The two mice prepare their next trick. As Tom is going back to sleep, the mice place a knife in his hands. Then Jerry opens a bottle of ketchup and pours some onto the end of the knife and then some onto Tom's chest. When Tom wakes up, he sees the stained knife in his hand and thinks that the knife is covered in blood, so he panics and leans against the wall. Then he clenches his chest and sees ketchup on his hand. Thinking that it's blood, he quickly concludes that he had stabbed himself in his sleep. Tom rushes into the bathroom and grabs a tourniquet, which he uses to tighten his neck. When he does, he inflates himself like a balloon and floats up onto the ceiling. As he does, he floats out of the bathroom and back in the living room where he notices the bottle of ketchup on the table. Then he tastes the ketchup on his chest and realizes it's a trick and starts laughing, but as he does, the tourniquet loosens and he starts to deflate, flying around the room until he lands on his pillow.

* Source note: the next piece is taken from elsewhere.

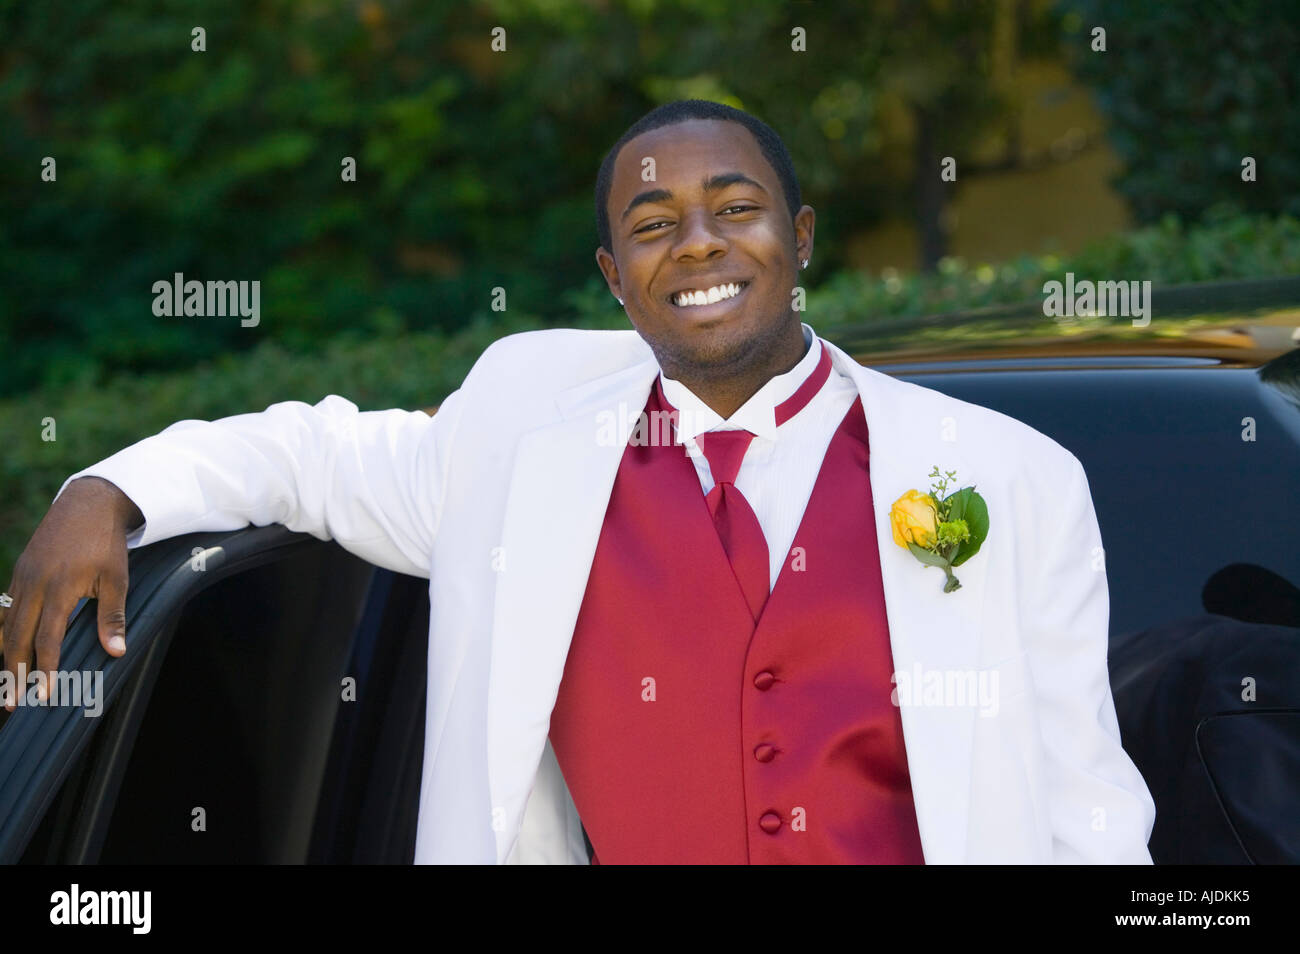 Teenage Boy in suit leaning on limo, portrait Stock Photo

As Jerry makes fun of Tom's predicament, Nipper notices a bow and arrow on the ground. This time, they set Tom inside the bow as he is asleep. After Jerry signals Nipper to pull him back up, Tom wakes up and stretches, but this activates the bow. Confused, Tom sits up, and is then shot into the plumbing, and into the furnace. Tom yells and launches himself out of the furnace, up the water pipe, and down the chimney. Jerry and Nipper then look down the chimney to see the aftermath of their latest prank. Tom sees the two mice and realizes they have been the ones pulling pranks on him and they were behind all this. Tom grabs a gun and then points a gun at the two mice meaning that he has had enough of their tricks.

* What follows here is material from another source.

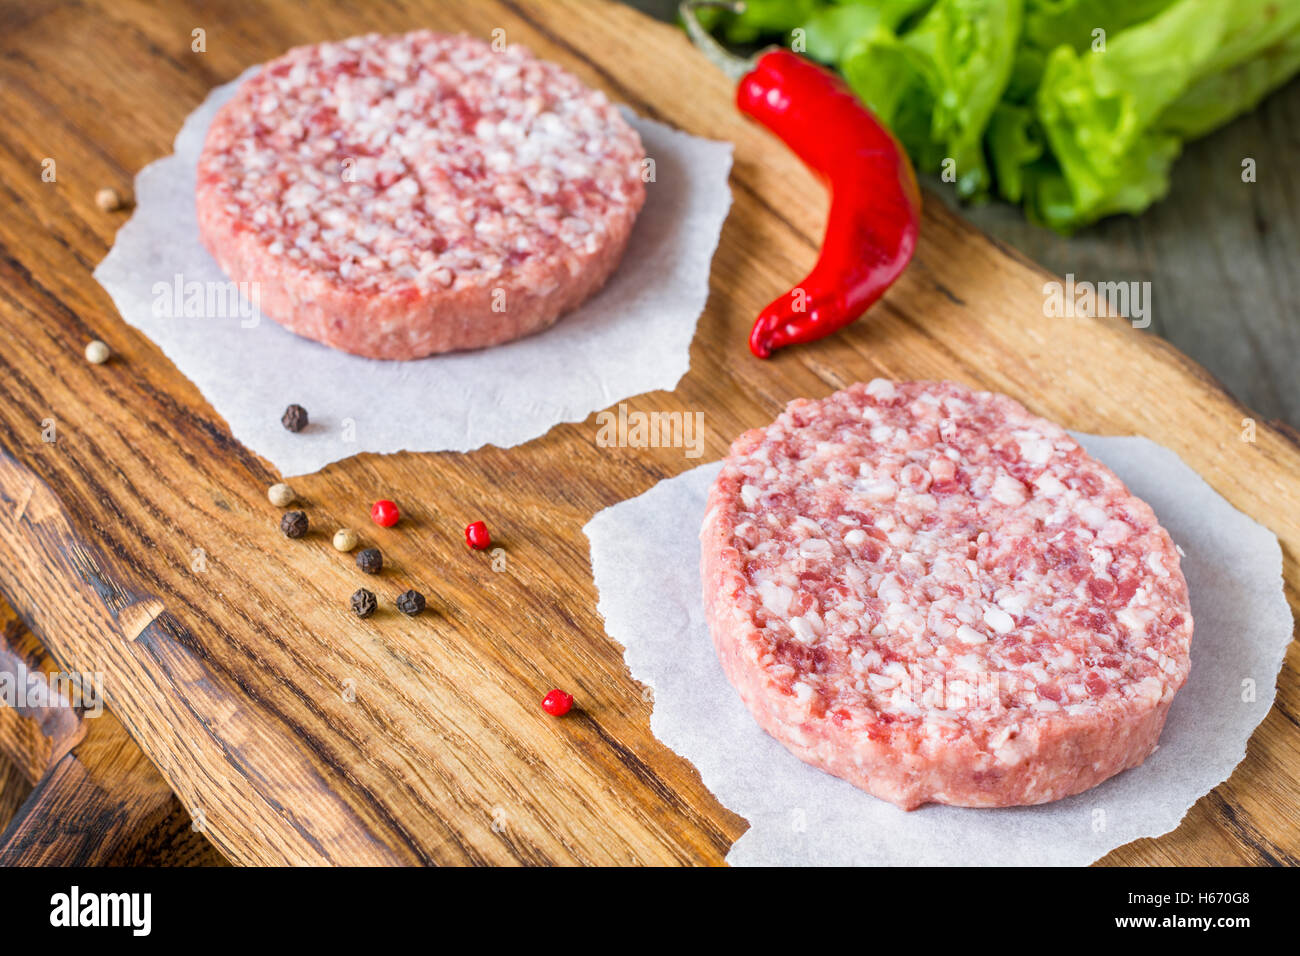 Raw fresh burger meat patties on wooden chopping board. Close up Stock Photo

Later, Jerry and Nipper are trapped in a bottle with the revolver facing them. If they remove the cork to get out, it will pull a string to which the other end is tied to the trigger of the gun, and they would be killed or injured by the gunshot. Jerry and Nipper can only sit there and sulk furiously at their predicament while Tom, basking in unexpected victory, takes his peace and quiet nap, using his tail to cool himself off with a fan.

==Production notes==
The Year of the Mouse is a remake of Jones' Oscar Nominated Mouse Wreckers with Claude Cat and Hubie and Bertie. This is one of the few shorts in which Tom wins against Jerry (given that the tables turned).